2021Lokaal10 - Huurdiscriminatie wegwerken.png
Provider image

Discriminatie is een nadelige en niet te rechtvaardigen behandeling van mensen op basis van hun etnischculturele afkomst, geslacht, leeftijd, seksuele geaardheid, handicap of een ander kenmerk en is sanctioneerbaar. Professor Pieter-Paul Verhaeghe heeft de voorbije jaren in opdracht van meerdere steden en gemeenten onderzoek gedaan naar discriminatie op de woninghuurmarkt. De tijd voor lokale experimenten is voorbij, constateert hij.

Wonen is ook sociaal beleid. Dit is een van de invalshoeken van de VVSG Woondag die plaatsvindt op 25 en 26 oktober.

Hoor je graag meer over het antidiscriminatie-onderzoek van Professor Pieter-Paul Verhaeghe? Ben je benieuwd naar het sociaal woonbeleid dat met de komst van de woonmaatschappijen in volle transitie is? Welke lessen trekken we uit de daklozentellingen? Hoe voorkom je als OCMW uithuiszettingen? Of ontdek alles over het nieuwe eengemaakte toewijzingsmodel voor sociale huurwoningen. Je verneemt het allemaal op onze online dag op maandag 25 oktober. 

Ga je liever zelf op ontdekking? Bezoek dan een grootschalig vervangingsproject van sociale woontorens of neem een kijkje in het Bijgaardehof, het grootste collectieve woonproject van Vlaanderen op dinsdag 26 oktober in Gent. 
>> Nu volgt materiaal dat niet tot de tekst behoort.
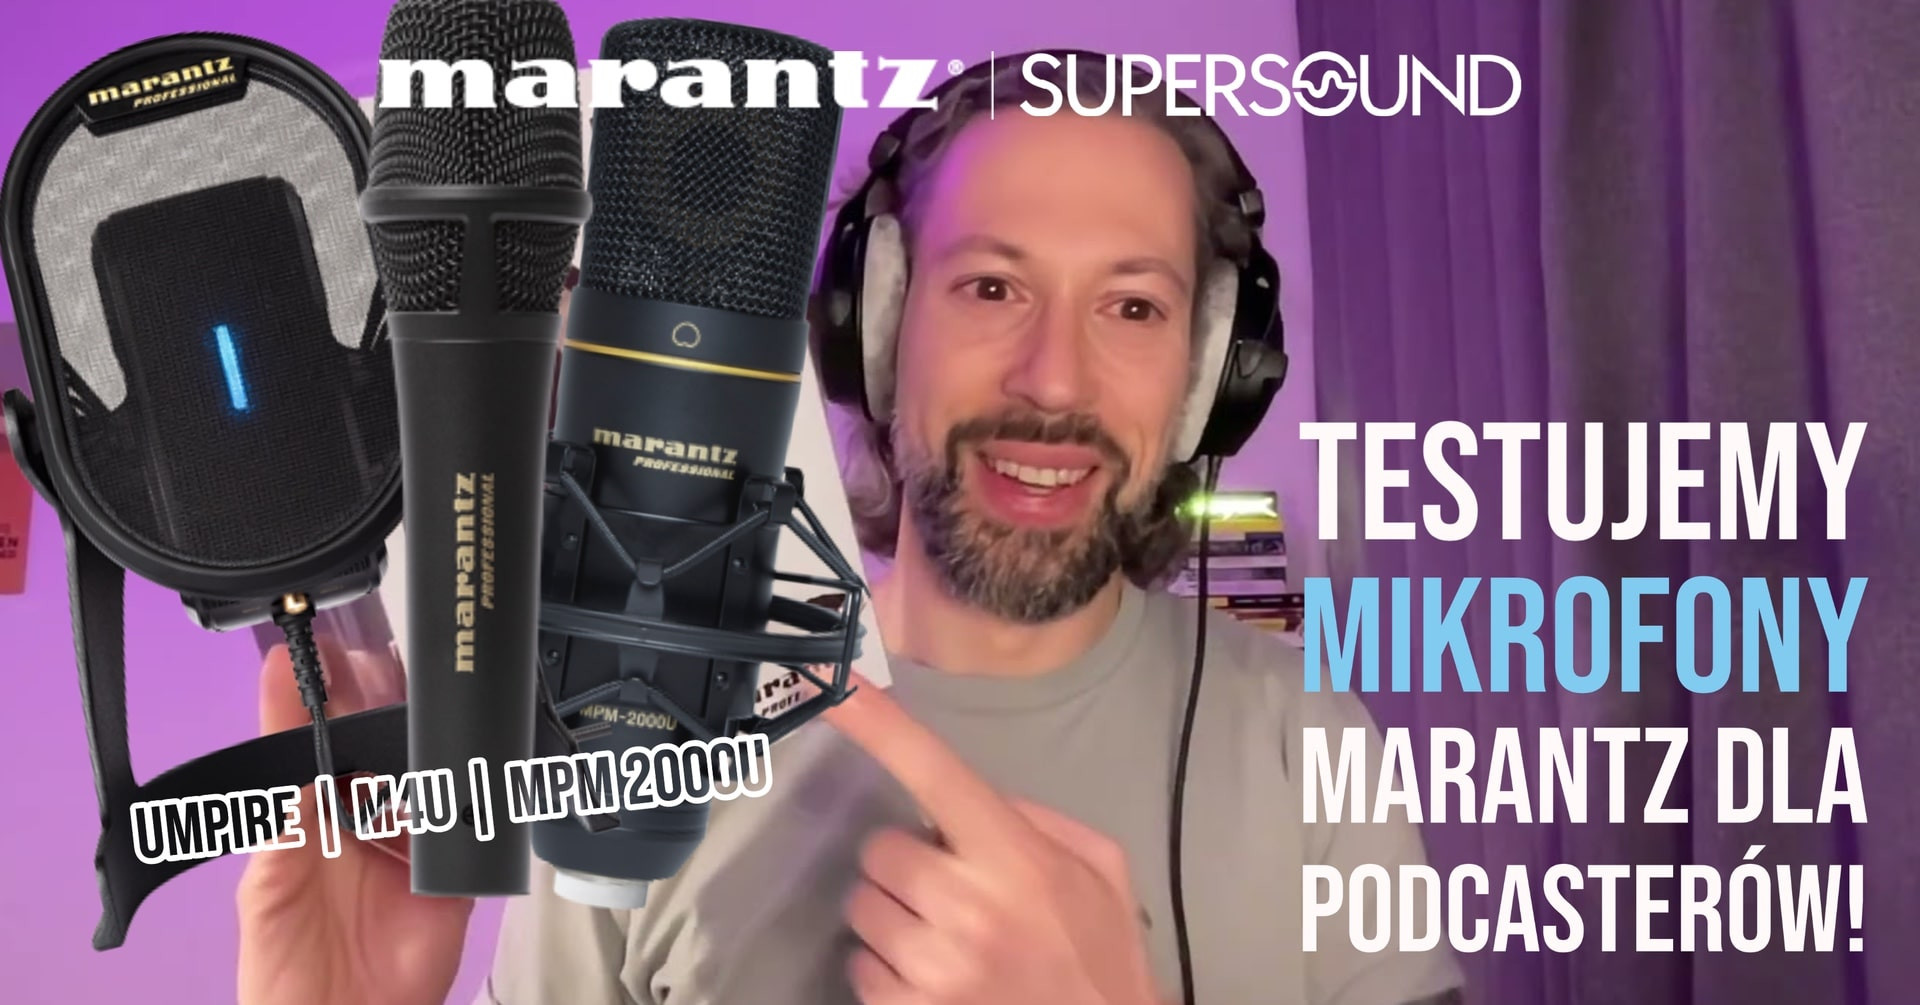 Testujemy mikrofony Marantz dla podcasterów!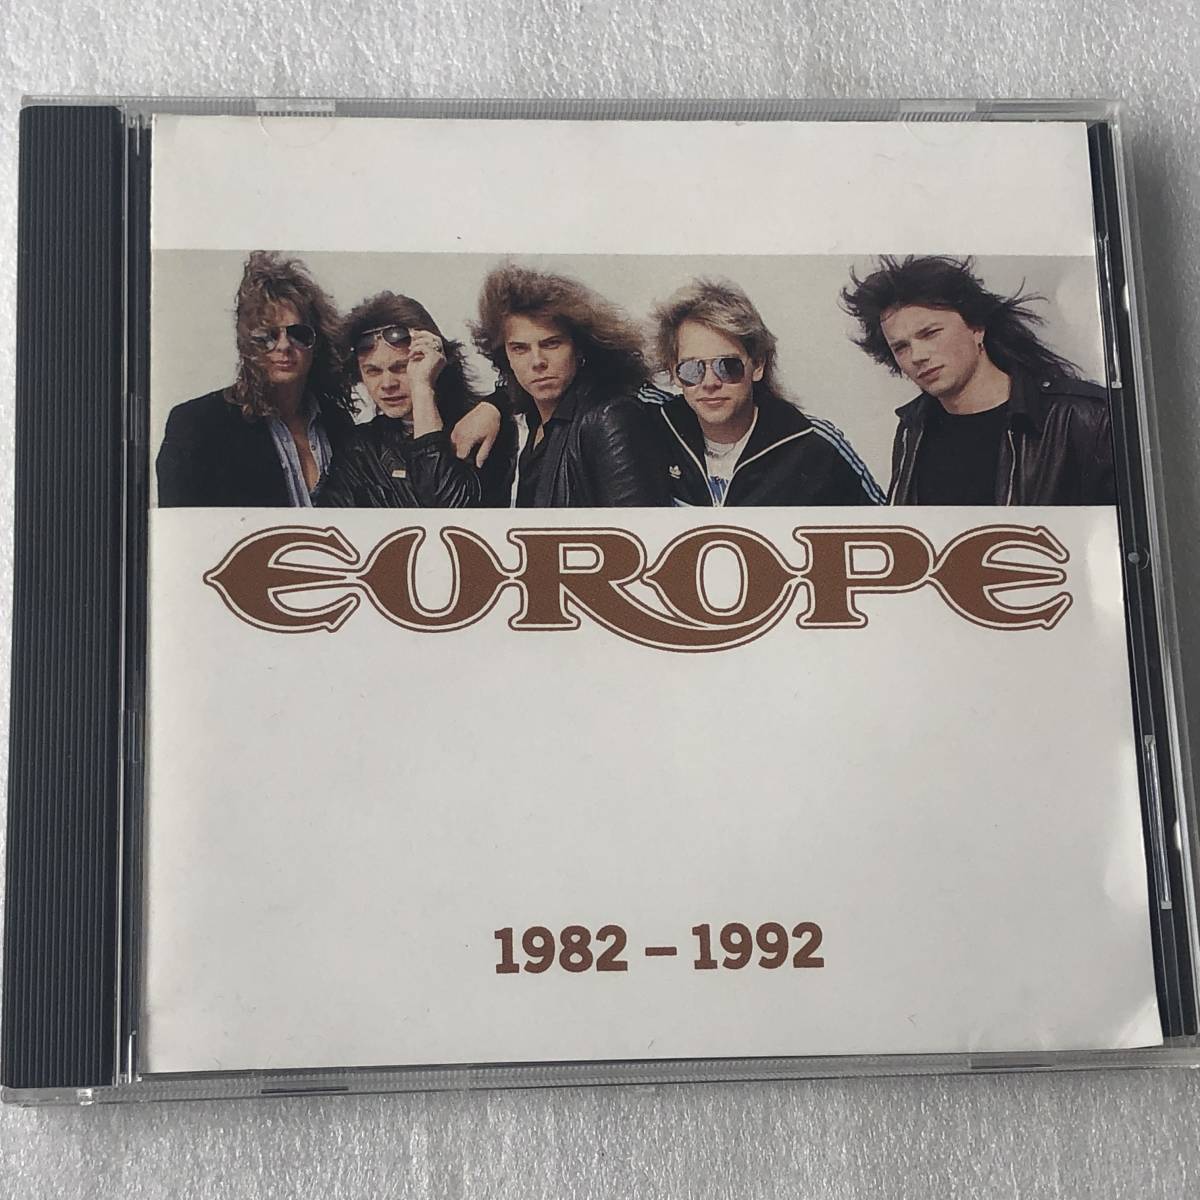 中古CD Europe ヨーロッパ/1982-1992 ベスト盤(1992年 EK 57445) スウェーデン産HR/HM,ハードロック系_画像1

Als je een woning niet wilt verhuren louter en alleen omdat de kandidaathuurder homo is of een andere huidskleur heeft, dan stel je discriminerend gedrag. Zulk gedrag kan worden opgespoord en gemeten met zogenaamde correspondentietesten. ‘Dat zijn schriftelijke praktijktesten,’ licht professor PieterPaul Verhaeghe toe. ‘We contacteren zowel particuliere als professionele verhuurders, via eenvormige, gelijkaardige mails met één onderscheidend criterium, bijvoorbeeld origine of gezinstoestand. We gaan dan na of beide profielen gelijk behandeld worden. Worden ze even veel uitgenodigd om de woning te bezoeken of wordt de ene groep beduidend meer uitgenodigd dan de andere? Als er een duidelijk verschil merkbaar is, is dit een signaal van discriminatie op basis van dat onderscheidend criterium.’

 

Wat zijn blijkens de studies de grootste discriminatiegronden?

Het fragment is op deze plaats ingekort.